Segment Open

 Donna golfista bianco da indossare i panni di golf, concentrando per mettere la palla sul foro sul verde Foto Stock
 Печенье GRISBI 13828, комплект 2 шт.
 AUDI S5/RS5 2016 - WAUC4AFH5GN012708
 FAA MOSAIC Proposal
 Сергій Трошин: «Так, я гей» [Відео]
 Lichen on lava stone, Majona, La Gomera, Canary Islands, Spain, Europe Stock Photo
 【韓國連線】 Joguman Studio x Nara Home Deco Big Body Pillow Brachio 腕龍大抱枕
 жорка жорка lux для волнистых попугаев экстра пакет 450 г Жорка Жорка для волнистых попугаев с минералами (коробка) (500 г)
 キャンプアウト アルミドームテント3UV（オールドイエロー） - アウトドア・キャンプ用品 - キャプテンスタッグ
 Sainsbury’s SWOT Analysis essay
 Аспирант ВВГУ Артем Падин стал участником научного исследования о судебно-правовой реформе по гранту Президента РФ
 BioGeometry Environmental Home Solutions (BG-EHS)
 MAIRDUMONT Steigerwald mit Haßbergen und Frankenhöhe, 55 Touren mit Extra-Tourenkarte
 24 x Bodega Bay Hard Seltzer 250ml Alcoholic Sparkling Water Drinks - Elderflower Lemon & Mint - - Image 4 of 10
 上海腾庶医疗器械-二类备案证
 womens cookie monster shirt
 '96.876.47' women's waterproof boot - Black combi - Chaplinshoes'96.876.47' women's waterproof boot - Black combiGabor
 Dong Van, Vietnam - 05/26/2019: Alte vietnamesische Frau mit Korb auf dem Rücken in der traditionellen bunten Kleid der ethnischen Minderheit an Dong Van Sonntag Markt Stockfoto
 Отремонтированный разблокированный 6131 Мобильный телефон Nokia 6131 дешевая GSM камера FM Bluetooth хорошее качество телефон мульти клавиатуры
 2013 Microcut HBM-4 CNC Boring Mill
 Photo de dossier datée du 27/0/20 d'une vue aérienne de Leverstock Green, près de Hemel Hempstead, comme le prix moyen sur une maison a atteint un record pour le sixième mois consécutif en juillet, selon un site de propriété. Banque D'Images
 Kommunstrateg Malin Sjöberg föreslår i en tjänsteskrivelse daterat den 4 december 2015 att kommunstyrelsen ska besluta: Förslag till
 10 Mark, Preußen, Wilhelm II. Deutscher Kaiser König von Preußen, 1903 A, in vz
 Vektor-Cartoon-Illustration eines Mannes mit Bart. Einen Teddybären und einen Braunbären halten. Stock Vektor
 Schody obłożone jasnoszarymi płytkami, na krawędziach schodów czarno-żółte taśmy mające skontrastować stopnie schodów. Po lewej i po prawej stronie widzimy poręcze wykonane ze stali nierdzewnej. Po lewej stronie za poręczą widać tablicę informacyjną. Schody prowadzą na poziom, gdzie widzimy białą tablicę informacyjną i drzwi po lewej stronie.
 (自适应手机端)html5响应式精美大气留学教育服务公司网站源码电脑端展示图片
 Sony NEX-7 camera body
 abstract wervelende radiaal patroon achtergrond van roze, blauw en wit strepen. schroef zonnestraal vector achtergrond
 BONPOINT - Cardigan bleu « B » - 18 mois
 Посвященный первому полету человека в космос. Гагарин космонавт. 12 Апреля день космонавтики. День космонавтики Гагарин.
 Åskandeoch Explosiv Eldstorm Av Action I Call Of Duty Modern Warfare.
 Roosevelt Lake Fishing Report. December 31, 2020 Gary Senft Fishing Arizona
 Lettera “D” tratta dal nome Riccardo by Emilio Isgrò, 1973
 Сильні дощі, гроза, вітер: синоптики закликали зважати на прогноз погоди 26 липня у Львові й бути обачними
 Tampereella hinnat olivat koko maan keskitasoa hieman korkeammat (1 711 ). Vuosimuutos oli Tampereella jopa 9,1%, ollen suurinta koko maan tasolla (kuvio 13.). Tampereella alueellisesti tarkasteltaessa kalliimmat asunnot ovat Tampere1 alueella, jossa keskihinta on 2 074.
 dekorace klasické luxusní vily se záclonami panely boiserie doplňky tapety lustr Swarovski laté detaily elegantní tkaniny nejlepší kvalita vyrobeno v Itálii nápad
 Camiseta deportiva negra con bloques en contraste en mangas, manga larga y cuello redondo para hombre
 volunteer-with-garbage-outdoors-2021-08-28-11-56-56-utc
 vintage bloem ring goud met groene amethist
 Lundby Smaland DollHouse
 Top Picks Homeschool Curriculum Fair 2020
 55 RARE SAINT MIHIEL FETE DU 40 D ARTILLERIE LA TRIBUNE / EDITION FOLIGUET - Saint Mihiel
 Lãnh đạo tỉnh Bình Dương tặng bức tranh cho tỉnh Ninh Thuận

Segment Closed

» **Exercise**
Return the line that contains "Camiseta deportiva negra" along with every line after it through the end of the entries, exactly, adding nothing.

» **The completed task**
 Camiseta deportiva negra con bloques en contraste en mangas, manga larga y cuello redondo para hombre
 volunteer-with-garbage-outdoors-2021-08-28-11-56-56-utc
 vintage bloem ring goud met groene amethist
 Lundby Smaland DollHouse
 Top Picks Homeschool Curriculum Fair 2020
 55 RARE SAINT MIHIEL FETE DU 40 D ARTILLERIE LA TRIBUNE / EDITION FOLIGUET - Saint Mihiel
 Lãnh đạo tỉnh Bình Dương tặng bức tranh cho tỉnh Ninh Thuận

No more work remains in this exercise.